- Born: c. 9th century CE (3rd century AH) Unknown
- Died: c. 912–960 CE (early 4th century AH) Marsa al-Dajaj (possible location)
- Known for: Early poetic works related to the history of the Ibadi community; Translator for Rustumid rulers;
- Notable work: Diwan (12 books in Berber language);
- Movement: Ibadism
- Relatives: Abd al-Rahman ibn Rustum (possible ancestor)
- Family: Rustumid dynasty (possible connection)

= Abu Sahl al-Farisi al-Nafusi =

Berber Ibadi poet and translator

Abu Sahl al-Farisi al-Nafusi (أبو سهل الفارسي النفوسي; c. 9th century CE – c. 912–960 CE) was a Muslim Ibadi Berber poet and translator, known for his poetry mourning the fall of the Ibadite Rustumid Imamate in North Africa. Born into the Nafusi Berber tribe, it is believed that he may have had connections to the Rustumid family, with some sources suggesting he was a descendant of the Rustumid family. Despite his Arabic epithet al-Farisi meaning the Persian, Abu Sahl was of Berber origin.

Abu Sahl served as a translator for the Rustumid rulers, notably translating between Berber and Arabic. After the fall of the Rustumid capital, Tihert, to the Fatimid invasions, he sought refuge on the Algerian coast, possibly in Marsa al-Dajaj. There, he spent his later years composing his most notable work, a diwan (poetic collection) of 12 books in Berber, chronicling the history of the Ibadis and lamenting their decline.

Much of his work was lost after the burning of Qal'at Darjin in 1040, where Ibadi manuscripts were preserved. Efforts by Ibadi scholar Abdullah bin Muhammed al-Lawati (1040–1134) to recover fragments of his poetry were partially successful, and subsequent attempts by modern scholar Ali Yahya Muammar (1919–1980) to locate these fragments were not fruitful.

Abu Sahl's poetry is regarded as one of the earliest poetic compositions in the Berber language, and if discovered, it could be of significant historical importance for understanding the Ibadite community and the Rustumid period.

== Background and origins ==
Abu Sahl al-Nafusi lived during the 3rd century AH (9th century CE), a time when the Ibadite Rustumid dynasty ruled in North Africa.

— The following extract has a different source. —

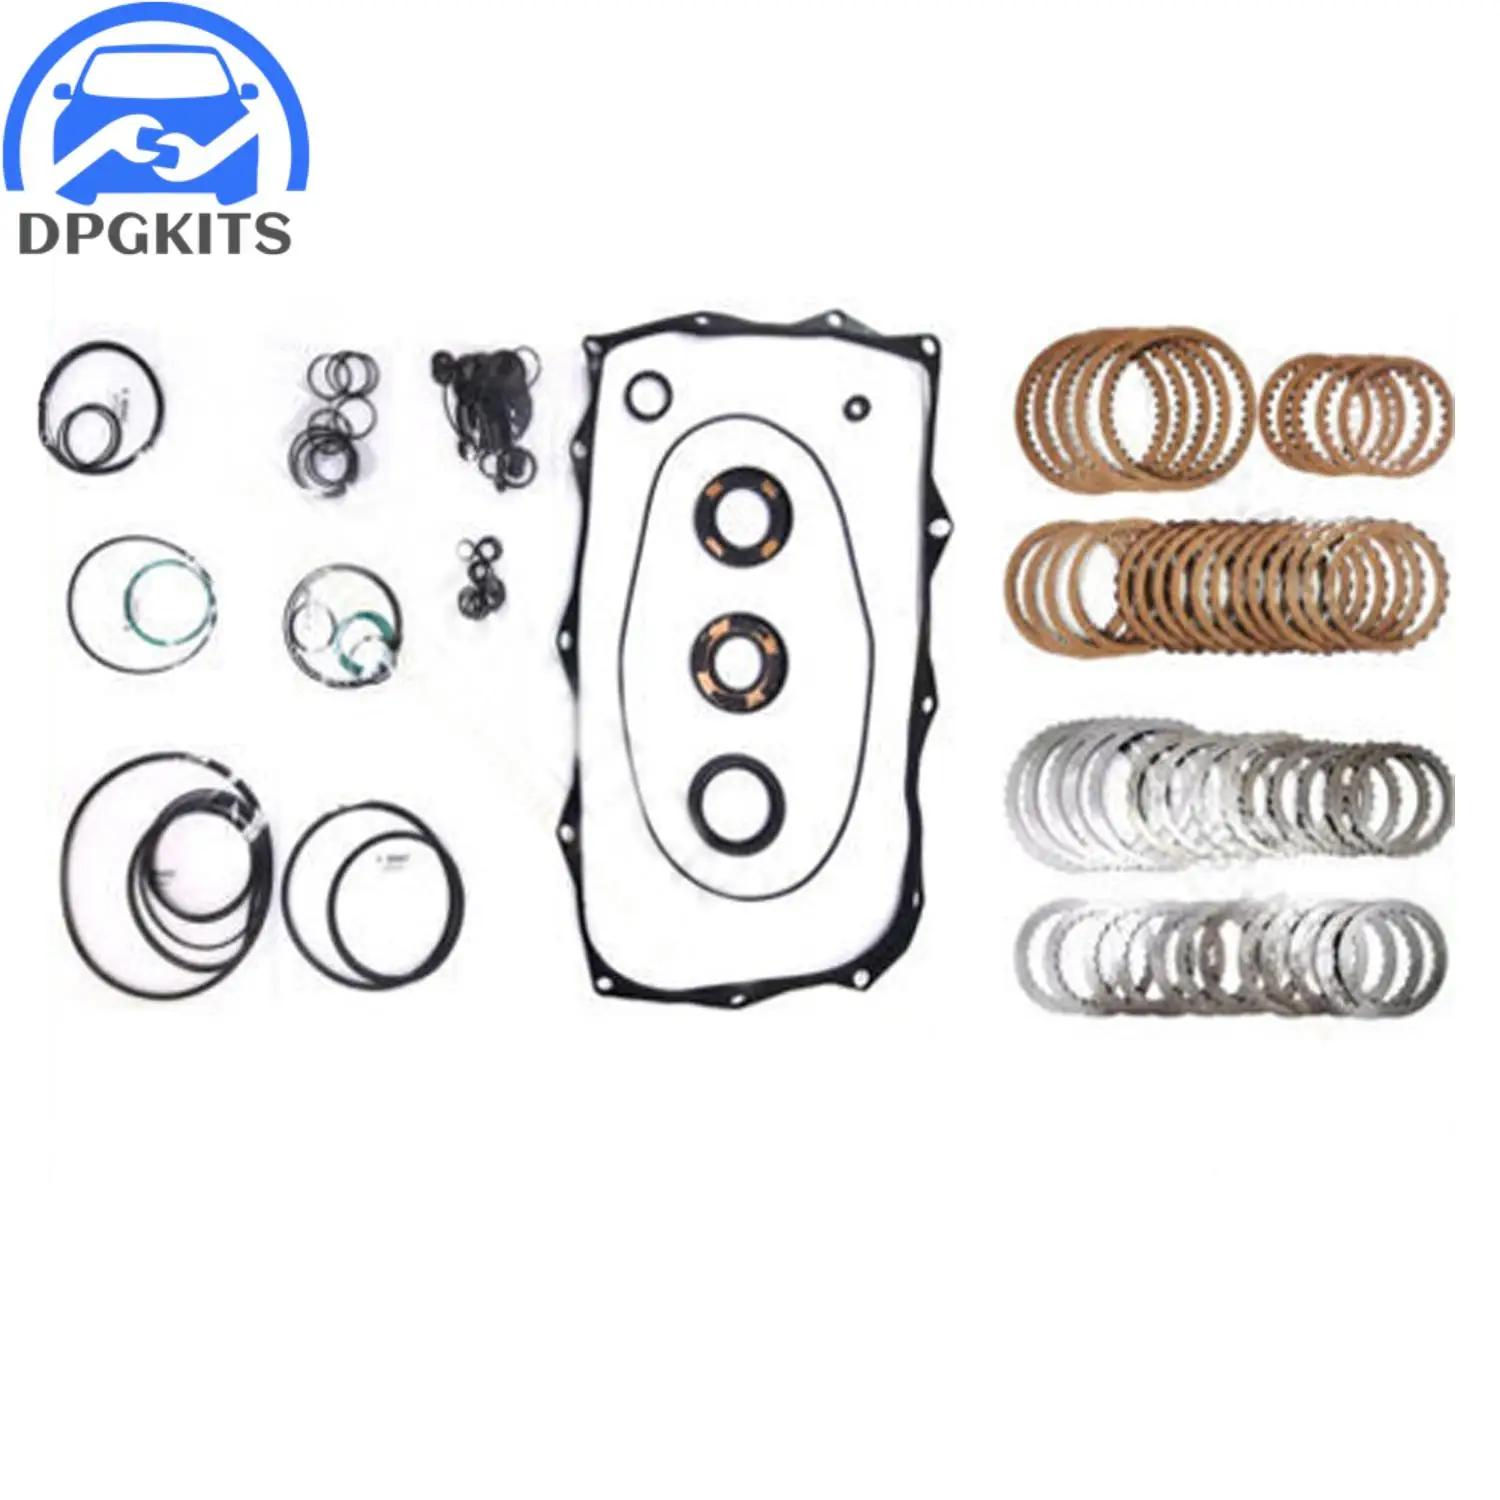 

1set 8HP45 Auto Transmission Master Rebuild Kit Overhaul For BMW 1/3/5 XJ SERIES X1 X3 XF DISCOVERY With 3 Months Warranty

He witnessed the changes that occurred following the dynasty's decline, which ultimately ended with the Shia Muslim Fatimid invasions.

Despite the Arabic epithet al-Farisi meaning the Persian, which might suggest Persian origins, it is believed that Abu Sahl's mother may have been linked to the Rustumid family. This dynasty, some sources claim, had Persian roots, potentially connecting her lineage to his. However, historical records confirm that Abu Sahl was not Persian. Instead, he was a Nafusi Berber, as indicated by his second epithet, al-Nafusi, which signifies his Berber ancestry.

Polish Orientalist Tadeusz Lewicki further supports the idea that Abu Sahl's father was a Nafusi Berber. Some sources also indicate that Abu Sahl's father was the son of Mimoun, who in turn was the son of Abd al-Wahhab, the son of Abd al-Rahman ibn Rustum, the first ruler of the Rustamid Imamate. Similarly, Tunisian historian Othman Kaak also notes that Abu Sahl may have been one of the grandsons of Abd al-Rahman ibn Rustum. Another version of the story suggests that both his father and mother were directly linked to the Rustumid family.

== Rustumid translator ==
Historical Ibadi sources indicate that Abu Sahl, known for his fluency in Berber, served as a translator. He is believed to have worked for either the third Rustumid ruler, Aflah ibn Abd al-Wahhab (r. 824–872), or his grandson, Yusuf Abu Hatim ibn Muhammad (r. 894–897, 899–906), particularly in Berber.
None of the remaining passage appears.